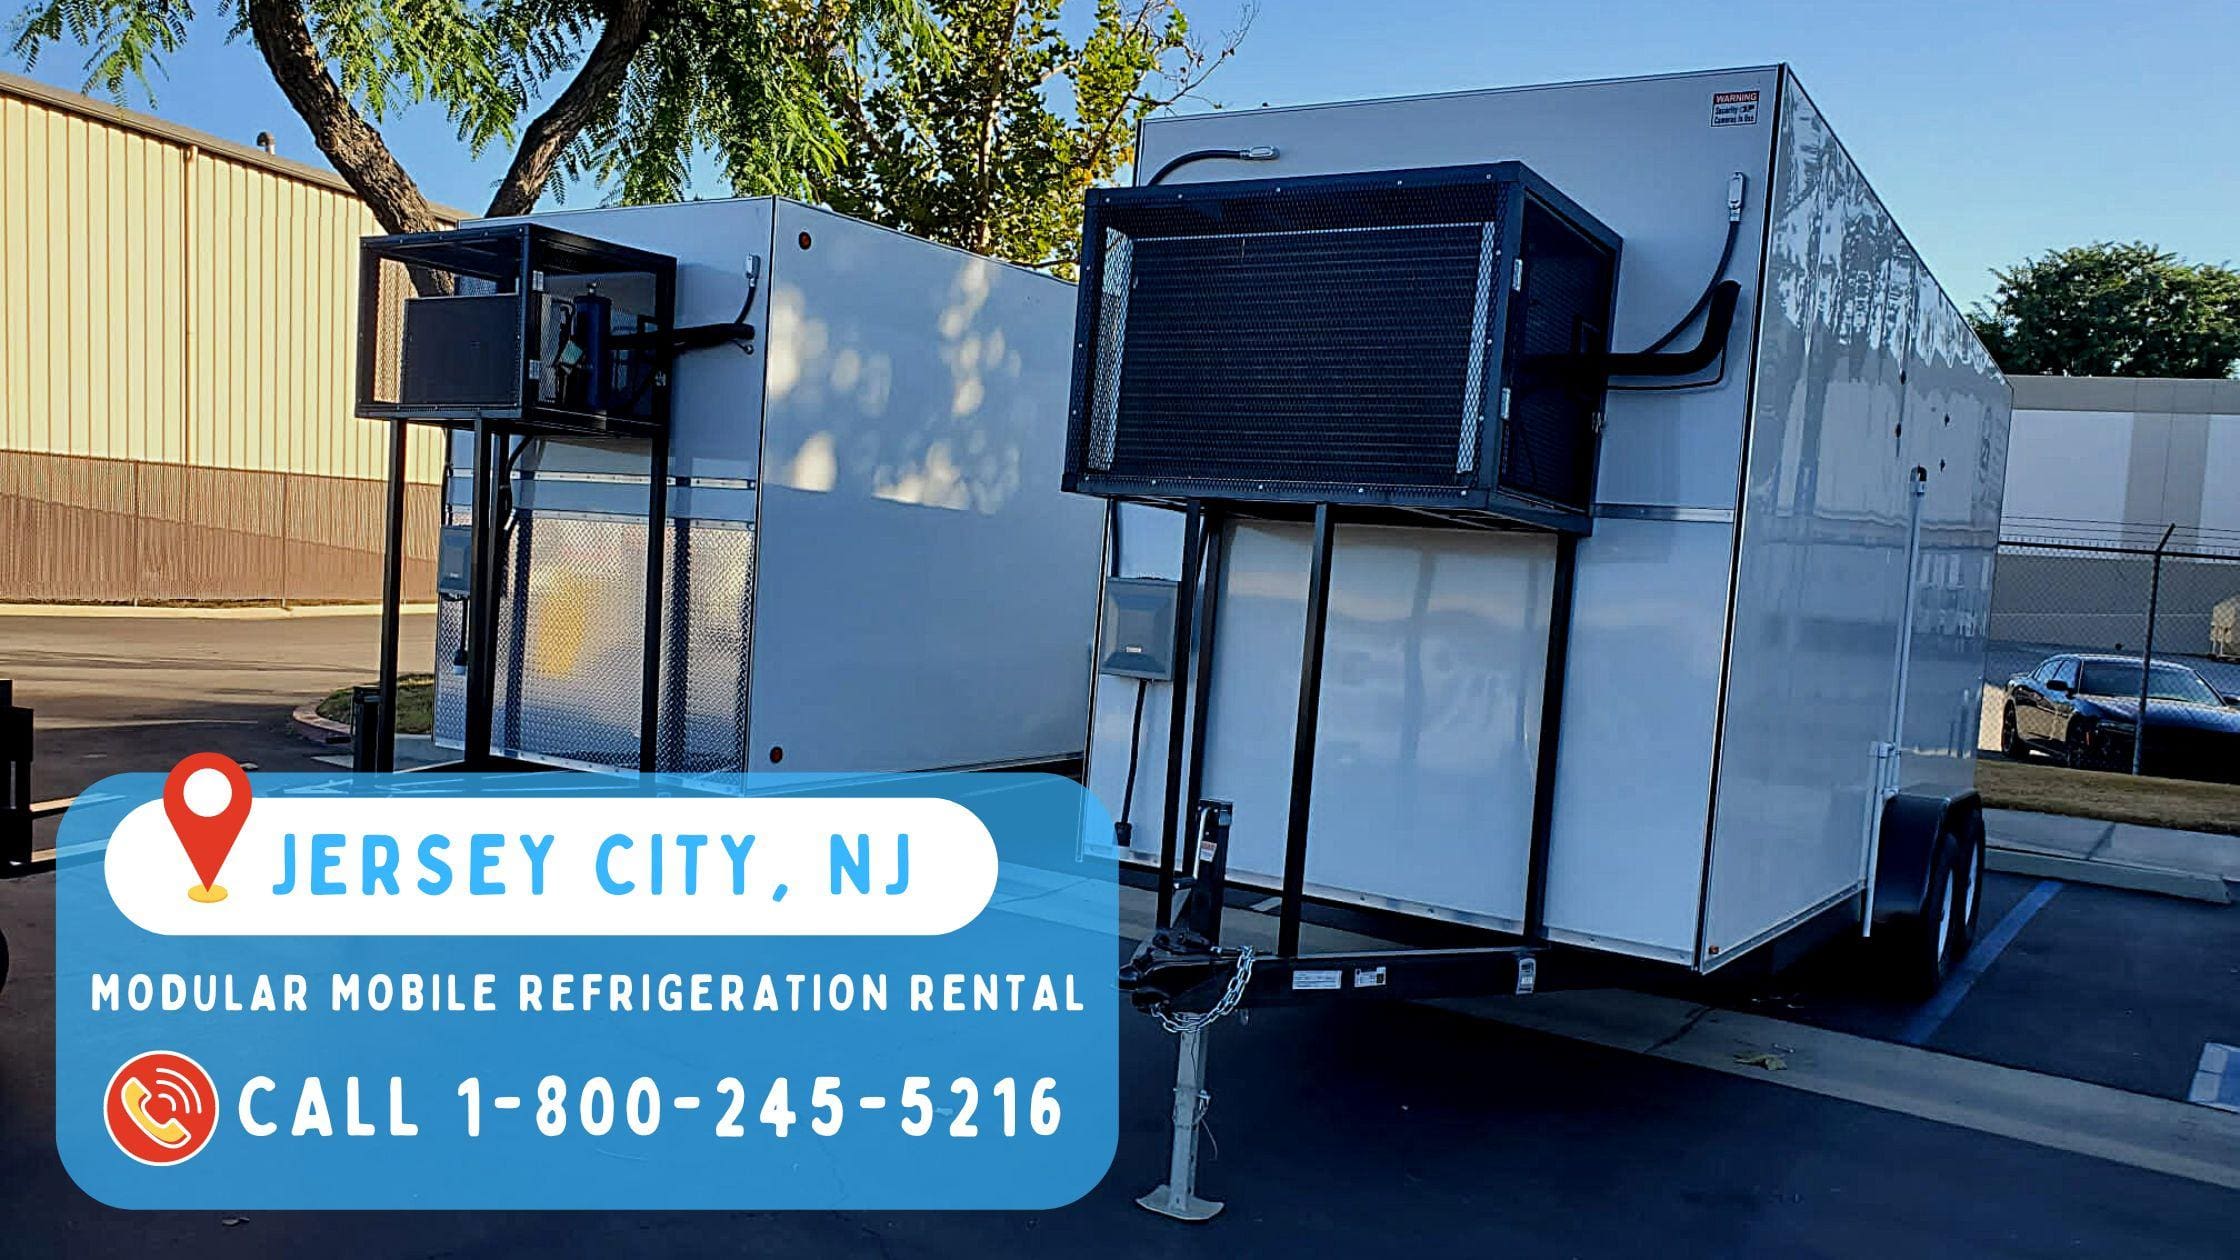 Modular Mobile Refrigeration Rental in Jersey City
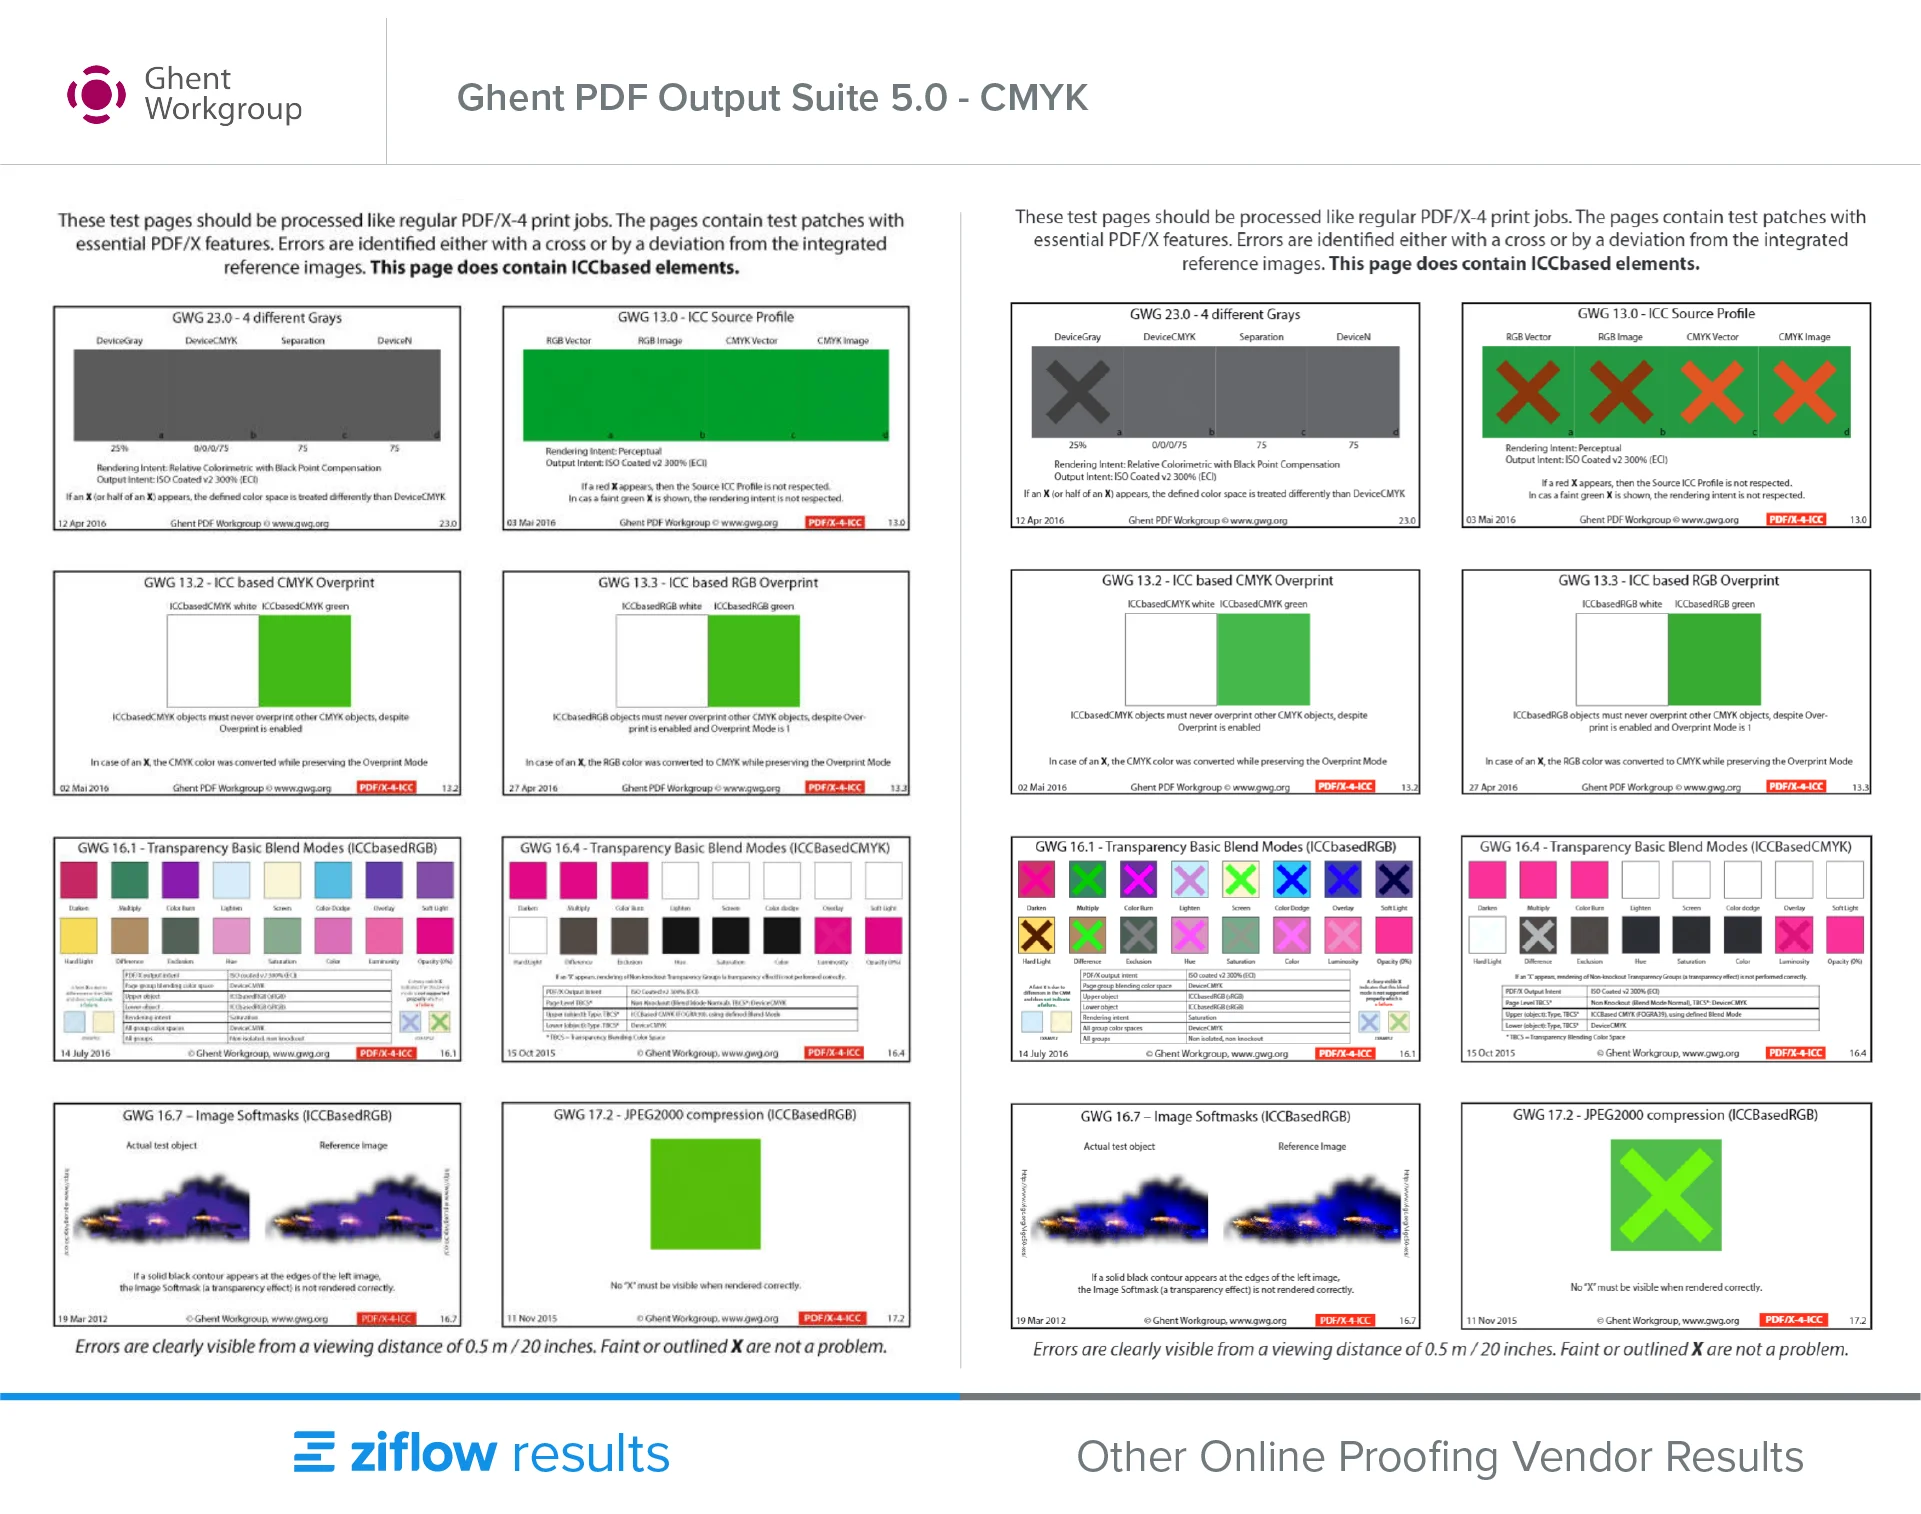 ghent output suite pdf cmyk - other online proofing vendor results 
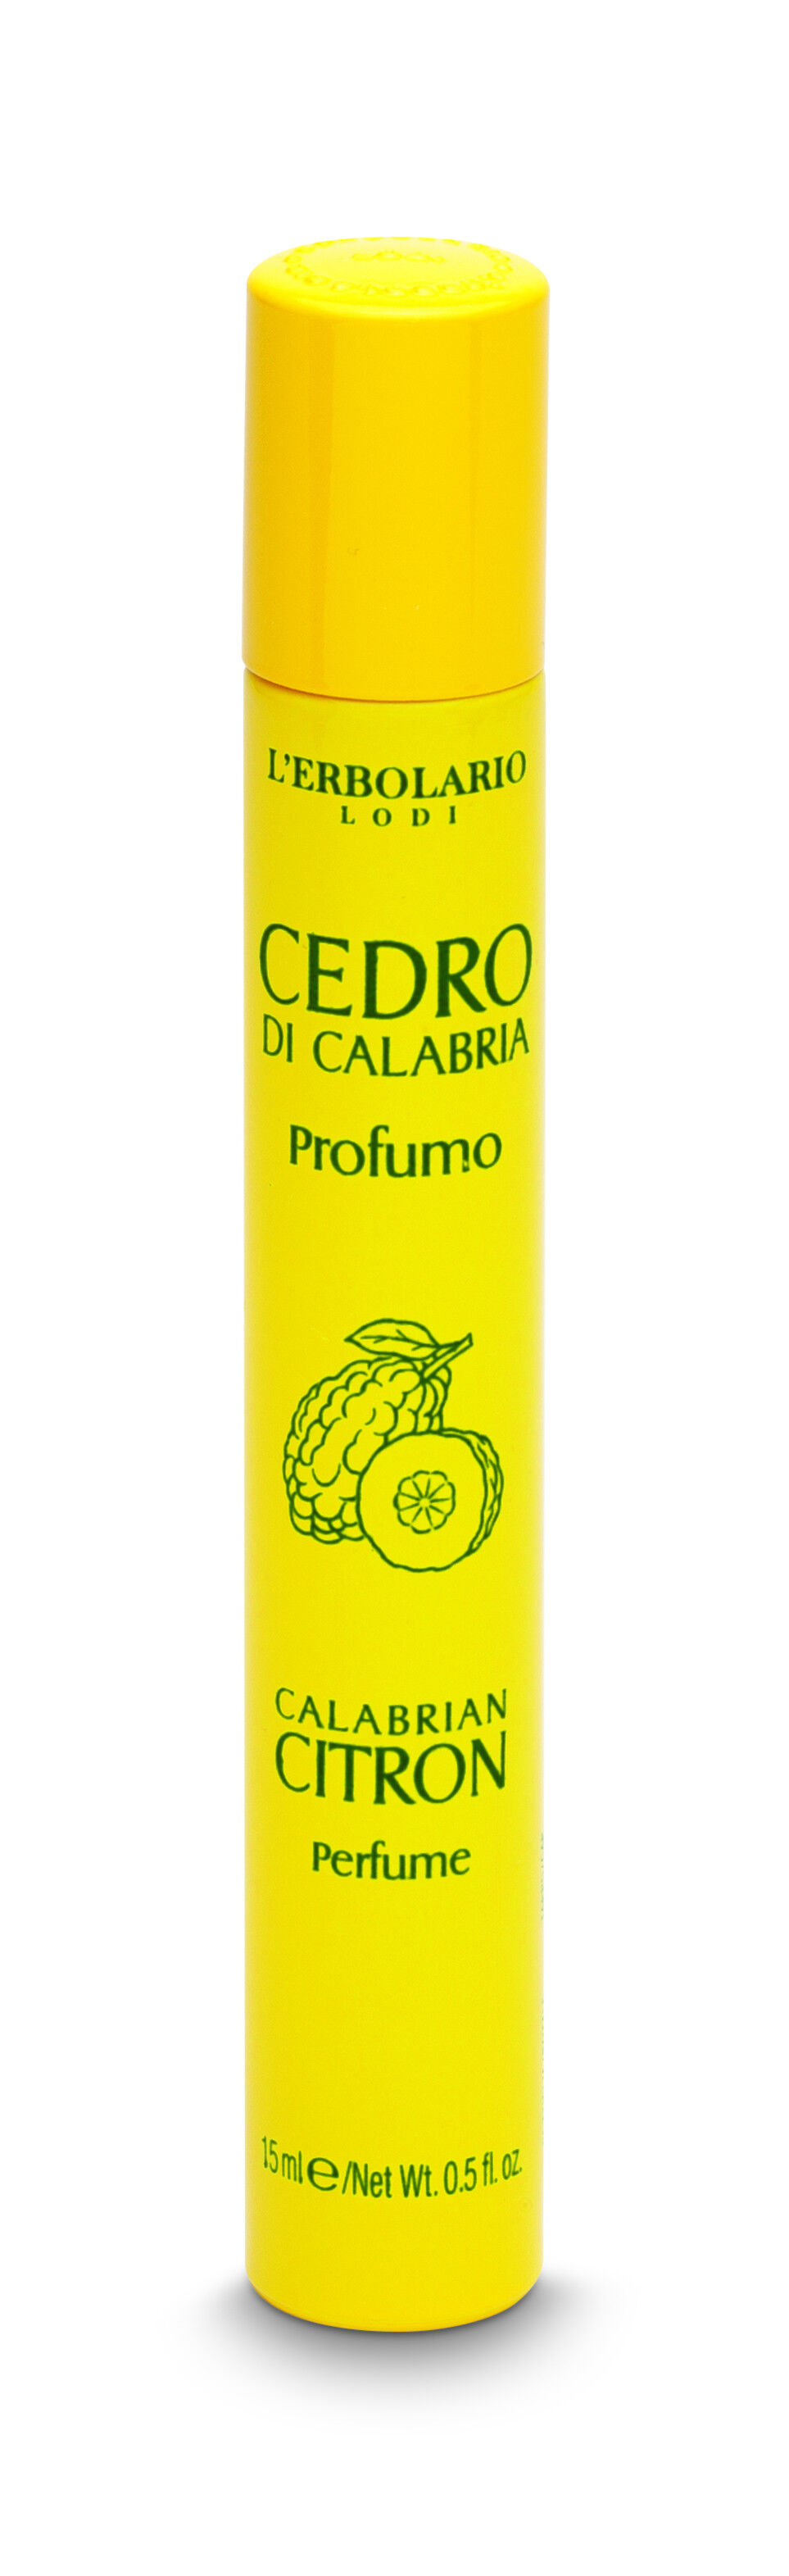 Парфюмированная вода унисекс L'Erbolario Cedro Di Calabria, 15 мл парфюмерная вода лаб фрагранс calabria 15 мл

* **WORK INSTRUCTION**:
With pictures excluded, output the listing above exactly as it stands.

* **SOLVED PROBLEM**:
 Modular Mobile Refrigeration Rental in Jersey City
 ghent output suite pdf cmyk - other online proofing vendor results 
 Парфюмированная вода унисекс L'Erbolario Cedro Di Calabria, 15 мл парфюмерная вода лаб фрагранс calabria 15 мл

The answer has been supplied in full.